There's a difference here, though. "Germany" or "Italy" or translations of the respective names, whereas "Rudolf Hess" is merely a spelling variation of the correct name (Heß). It may be true that it's more difficult to directly link to Rudolf Heß than to Rudolf Hess for someone who can't directly type a ß, but since one of the articles will always redirect to the other, I think that's irrelevant. And for what it's worth, there are several examples where latin-1 characters are used for article titles: take a look at, for example, Kraków, Eugène Ionesco, Josef Hiršal and others.
Furthermore, the fact that this is the English Wikipedia does not mean anything - to quote from Wikipedia:POV, "Also be careful to avoid an English-speaking Point Of View. Although country-specific and similar POVs are often easy to spot, this can be harder to spot." As said above already, "Rudolf Heß" *is* the correct spelling, so this is what should be used for the article. -- Schnee 13:16, 27 Dec 2003 (UTC)
You make a good point. Here's what I propose - let's copy the above discussion to the Wikipedia:Village pump as a request for comments and see what everyone says. That way, should another issue like this come up again, the community can enfore uniformity. --Raul654 19:48, 27 Dec 2003 (UTC)
Good idea. Let's do that. -- Schnee 21:36, 27 Dec 2003 (UTC)

Does anyone know why has its database locked and when it will be unlocked? Maximus Rex 08:58, 31 Dec 2003 (UTC)

Everything except en is locked at the moment. See the Wikipedia status page at OpenFacts for further updates. Brion's latest e-mail to the mailing list said "New machine is no longer responding to ssh." Angela. 09:12, 31 Dec 2003 (UTC)
They were left locked by accident after switching servers and nobody spoke up. Should be fixed now. --Brion 09:23, 31 Dec 2003 (UTC)

format for quotes

I was taught that punctuation goes before the end quote, but I have seen countless times on wikipedia the punctuation going after the end quote. Was I taught incorrectly? Or have times changed?

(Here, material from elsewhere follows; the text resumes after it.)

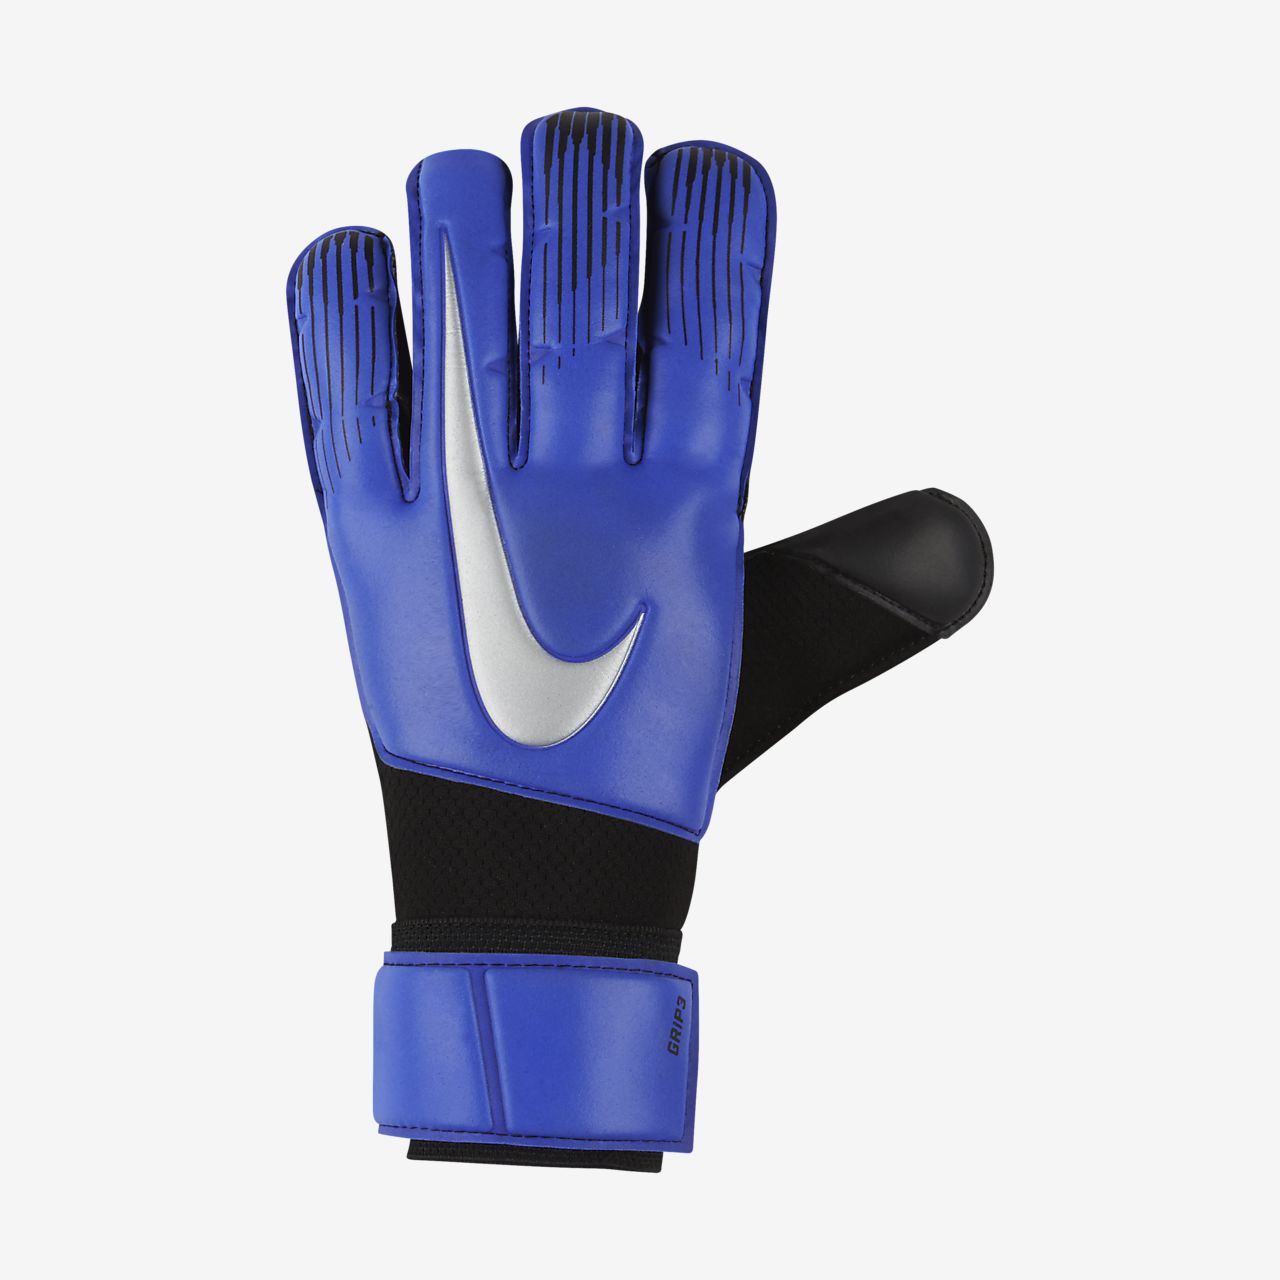 yellow and blue football gloves

the so called "Zagreb Bible," which
the so called "Zagreb Bible", which
the inscription read "Manchu State Postal Administration;"
the inscription read "Manchu State Postal Administration";
SMOP is an acronym for "Small Matter of Programming". 
SMOP is an acronym for "Small Matter of Programming."

Kingturtle 05:27, 31 Dec 2003 (UTC)

I think in the US it's "blah," and in some other countries it's "blah",
I prefer the latter but use the former to be more consistent with most editors in en. Dori | Talk 05:32, Dec 31, 2003 (UTC)
Kingturtle is correct - gramatically (in the US, at least), it's preferred that the puncutation goes before the quotation mark. As a computer engineer, I cringe every time I have to write it that way. --Raul654 07:17, 31 Dec 2003 (UTC)
I think "blah," is the older and more pleasing usage, though this is only an approximation of the real typesetting solution which is to place the quotes further to the left so they're partially above the comma. In recent years, especially outside the US, the form "blah", has become more common as it's clearer from a parsing point of view, since it clearly shows whether the punctuation is part of the quote or not. I think either one is acceptable on Wikipedia, and would discourage changing one to the other. --Delirium 08:22, Dec 31, 2003 (UTC)
For me the crucial factor is whether we are talking about speech or phrase/referred word.
So-and-so said: "I think I will do this-and-that," and went on to do so.
Or the other variety of "quote", where one is just putting "quotes" around a word or phrase. -- Jussi-Ville Heiskanen 09:38, Dec 31, 2003 (UTC)
IMO, it doesn't matter whether the punctuation is inside or outside the quotes except in cases where the "quoted" material is supposed to be exact or verbatim. E.g., "On the C prompt type ‘dir’, then press ENTER, and then you'll see a list of the files in the current directory."